Delancey Street: The Crisis Within is an almost documentary-style treatment of the Delancey Street Foundation in San Francisco. It was a self-help group, flourishing in the 1970s, with an outreach to former addicts, former prisoners and others on the margins of society.
Walter Mc Ginn plays John Mc Cann, a former prisoner who sets up the Delancey Street Foundation. Louis Gossett Jr and Mark Hamill (two years before Star Wars) are in the supporting cast.
This is an earnest kind of film, a strong presentation of characters and social situations – and is interesting to see in retrospect for the way that films handled awareness of problem situations in society during the 1970s.

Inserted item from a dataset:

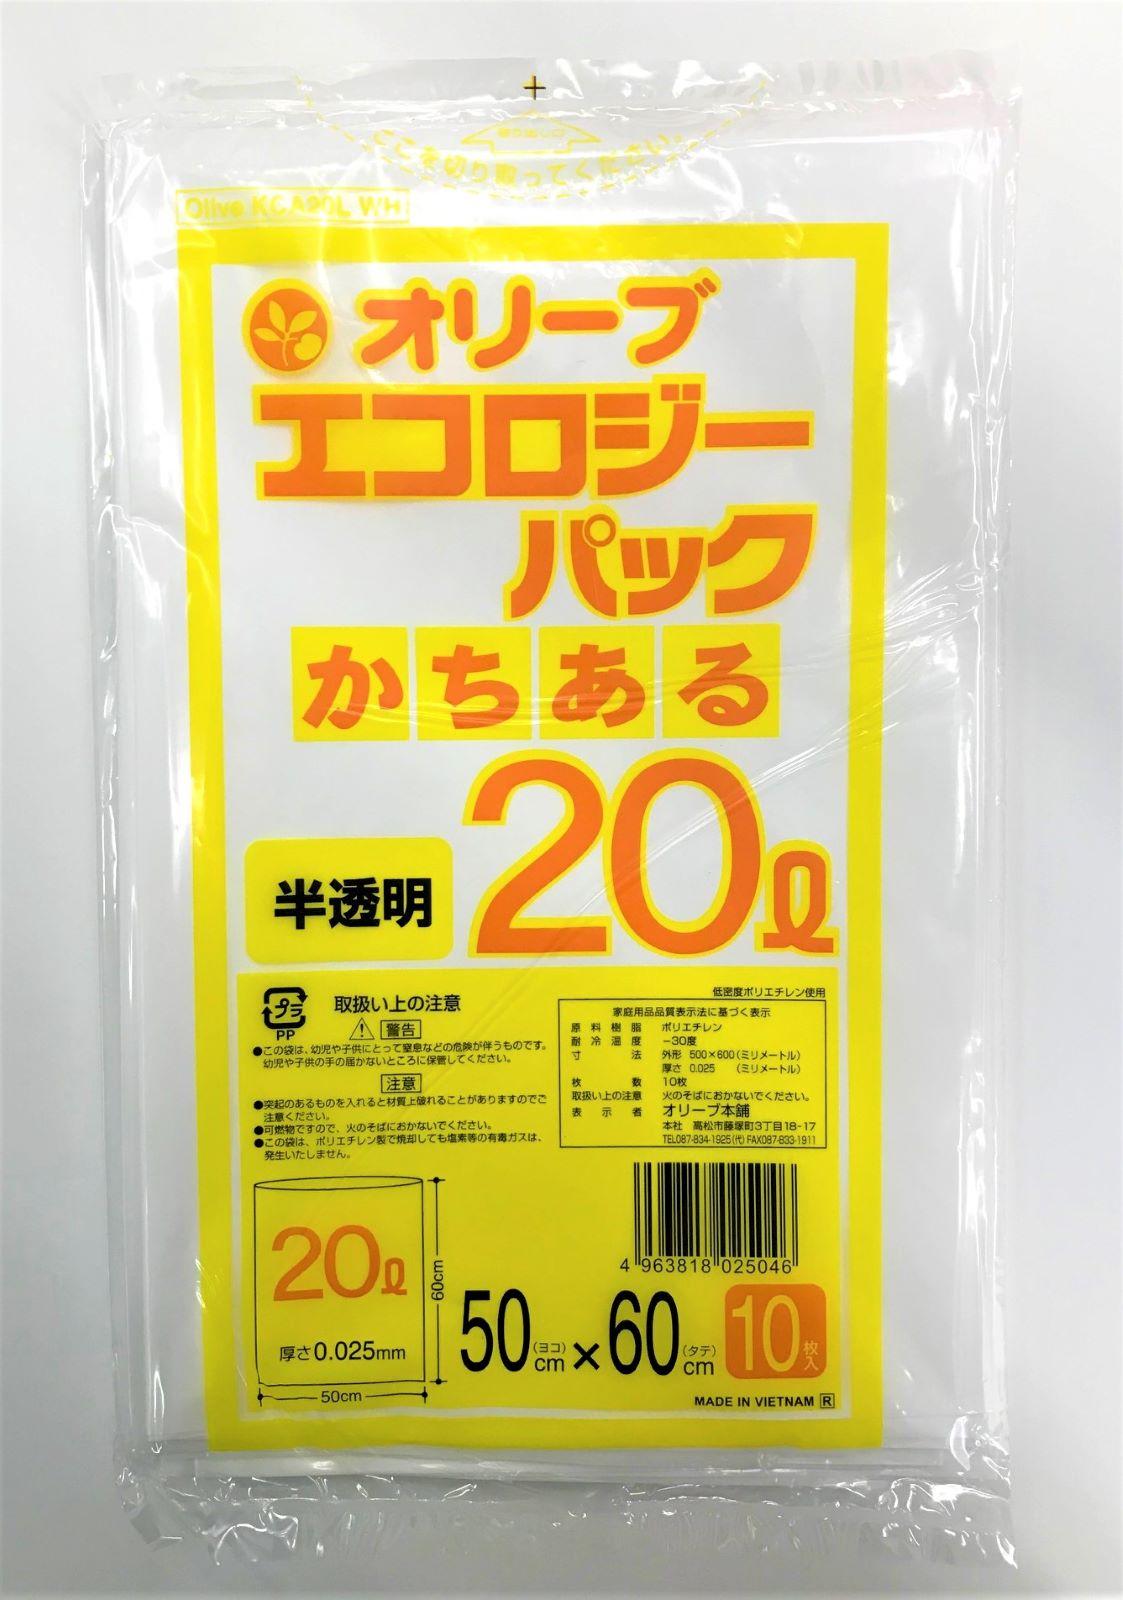 20L小さ目のダストボックスに最適です ゴミ袋 半透明 20L 1ケース 10枚入 1ケース60冊 秀逸 オリーブ エコロジーパック 『4年保証』 かちある 業務用 ごみ袋 掃除 ポリ袋 ダストボックス ゴミ レジ レジ袋 ビニール袋 ふくろ 清掃

1. How interesting a film, documentary overtones, based on a true story? How much to be learnt, exploration of values in modern society? A didactic film?
2. The documentary overtones and styles? The blend with characterizations and fiction? The significance of the title, the place, the nature of the crises? Were these well documented or presented melodramatically?
3. The qualities of the film as a telemovie, colour, San Francisco locations, the institute itself? The atmosphere of the streets and the buildings where crimes were committed and criminals formed?
4. The credibility of the plot with the presentation of Mc Cann and his background as a criminal, the setting up of Delancey Street as a half-way house, the staff, the crises, the clashes of human nature, the types of ex-criminals that went there? The melodramatic crises, their giving up of hope, the build-up to some kind of future?
5. Mc Cann and his background, the setting up of the half-way house, his communication with people, his hopes with the 54-year-old ex-convict, with the young man? With James? Joe? How well did the film illustrate each of these characters, their crimes, effect of prison, their backgrounds, crises and temptations? Mc Cann and his ability to hold them together, his techniques, his despair?
6. The focus on the old man coming out of prison at the beginning, indication to audiences about prison, people's attitudes towards criminals, hopes for the future? The man and his bond with Phillip? The fact that he would save him during the sniping incident? Phillip and his seeming hopelessness, what he had learnt from the older man, the reason for his berserk crisis and his giving in?
7. The minor characters and their portrayal and their crises?
8. The overall impact on Mc Cann and his wanting to give up? What persuaded him to continue?
9. Themes of human nature, resilience, optimism and pessimism? Service? In this kind of brief telemovie helpful for home audiences to understand criminals, the need for humane rehabilitation?